0 row (s) in 0.0070 seconds





HBase (main):006:0> put ' blogs ', ' 1 ', ' content:header ', ' This is header '





0 row (s) in 0.0070 seconds








HBase (Main):007:0>





HBase (main): 008:0*





HBase (Main): 009:0* get ' blog ', ' 1 '





COLUMN CELL





Content:header timestamp=1407464302384, Value=this is header





Info:address timestamp=1407464281942, VALUE=BJ





Info:editor timestamp=1407464270098, Value=liudehua





3 row (s) in 0.0360 seconds





HBase (main):010:0> get ' blog ', ' 1 ', ' info '





column                                                   cell                                                                                                                                                                


 info:address                                            timestamp=1407464281942, value=bj                                                                                                                                  


 info:editor                                             timestamp=1407464270098, value=liudehua                                                                                                                            


2 row (s) in 0.0120 seconds








#这里是可以按照条件查询的.





HBase (Main): 012:0* scan ' blog '





ROW Column+cell





1 Column=content:header, timestamp=1407464302384, Value=this is header


 1                                                       column= Info:address, timestamp=1407464281942, value=bj                                                                                                            


1 Column=info:editor, timestamp=1407464270098, Value=liudehua


1 row (s) in 0.0490 seconds








HBase (Main):013:0>





HBase (Main): 014:0* put ' blogs ', ' 1 ', ' content:header ', ' This is Header2 '





0 row (s) in 0.0080 seconds





HBase (Main):015:0>





HBase (main): 016:0*





HBase (Main): 017:0* put ' blogs ', ' 1 ', ' content:header ', ' This is Header3 '





0 row (s) in 0.0050 seconds





HBase (main):018:0> Scan ' blog '





row                                                      Column+cell                                                                                                                                                         


1 Column=content:header, timestamp=1407464457128, Value=this is header 3


 1                                                       column= Info:address, timestamp=1407464281942, value=bj                                                                                                            


1 Column=info:editor, timestamp=1407464270098, Value=liudehua


1 row (s) in 0.0180 seconds





HBase (main):020:0> get ' blog ', ' 1 ', ' Content:header '





column                                                   cell                                                                                                                                                                


Content:header timestamp=1407464457128, Value=this is Header3


1 row (s) in 0.0090 seconds





HBase (Main):021:0>











#可以看到历史版本记录





HBase (Main): 022:0* get ' blog ', ' 1 ', {COLUMN => ' content:header ', versions => 2}





COLUMN CELL





Content:header timestamp=1407464457128, Value=this is Header3


Content:header timestamp=1407464454648, Value=this is Header2


2 row (s) in 0.0100 seconds





#可以看到历史版本记录





HBase (main):023:0> get ' blog ', ' 1 ', {COLUMN => ' content:header ', versions => 3}





COLUMN CELL





Content:header timestamp=1407464457128, Value=this is Header3


Content:header timestamp=1407464454648, Value=this is Header2


Content:header timestamp=1407464302384, Value=this is header


3 row (s) in 0.0490 seconds





HBase (Main):024:0>








Base Java to operate is the most convenient, but also the most efficient way. But Java is not lightweight and inconvenient to debug in any environment. And different developers are familiar with the language is not the same, development efficiency is not the same. HBase through the thrift, you can also use Python,ruby,cpp,perl and other languages to operate.

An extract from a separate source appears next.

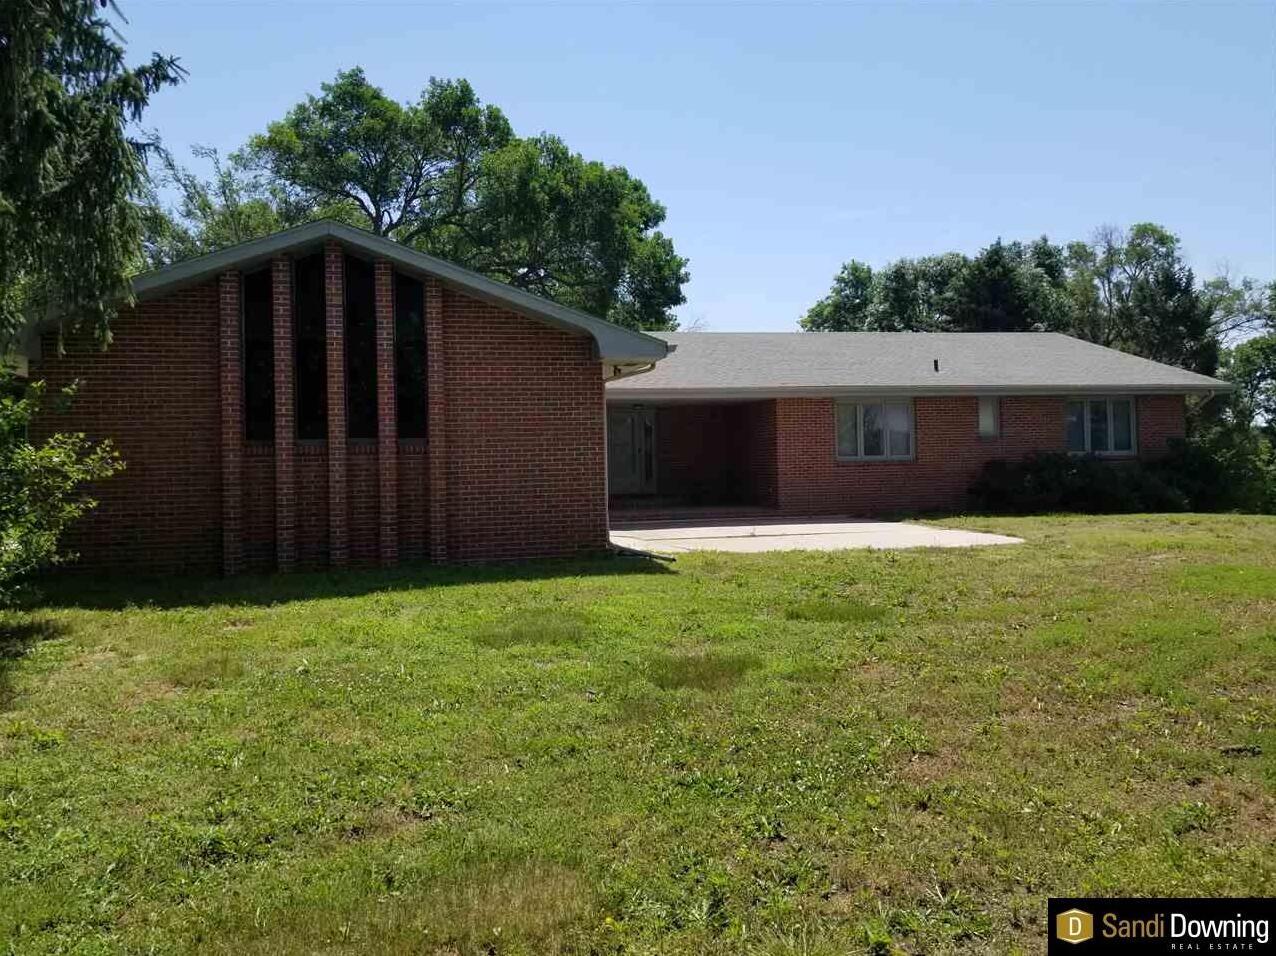 Photo of 2650 N 112 Street Lincoln NE 68527

Thrift is a remote invocation component of Google-like Protobuf, which Facebook developed open source. However, PROTOBUF only has serialization of data, and only binary protocols are supported, and there is no remote call section. Protobuf native Support Cpp,python,java, in addition to third-party implementation of Objectc,ruby and other languages. And thrift is the realization of serialization, transmission, protocol definition, remote invocation and other functions, more cross-language capabilities. In some respects they can be substituted for each other, but in some respects they have their own scope of application.

Thrift installation and Thrift Python related modules ~

The code is as follows Copy Code
Http://www.apache.org/dist//thrift/0.9.1/thrift-0.9.1.tar.gz
Tar zxvf thrift-0.8.0.tar.gz
CD thrift-0.8.0
./configure-with-cpp=no
Make
sudo make install
sudo pip install thrift



Here are the thrift and hbase modules that can generate Python ~


Thrift-gen py/home/ubuntu/hbase-0.98.1/hbase-thrift/src/main/resources/org/apache/hadoop/hbase/thrift/ Hbase.thrift

The code is as follows Copy Code
From Thrift.transport import Tsocket

From Thrift.protocol import Tbinaryprotocol

From HBase import HBase

Transport=tsocket.tsocket (' localhost ', 9090)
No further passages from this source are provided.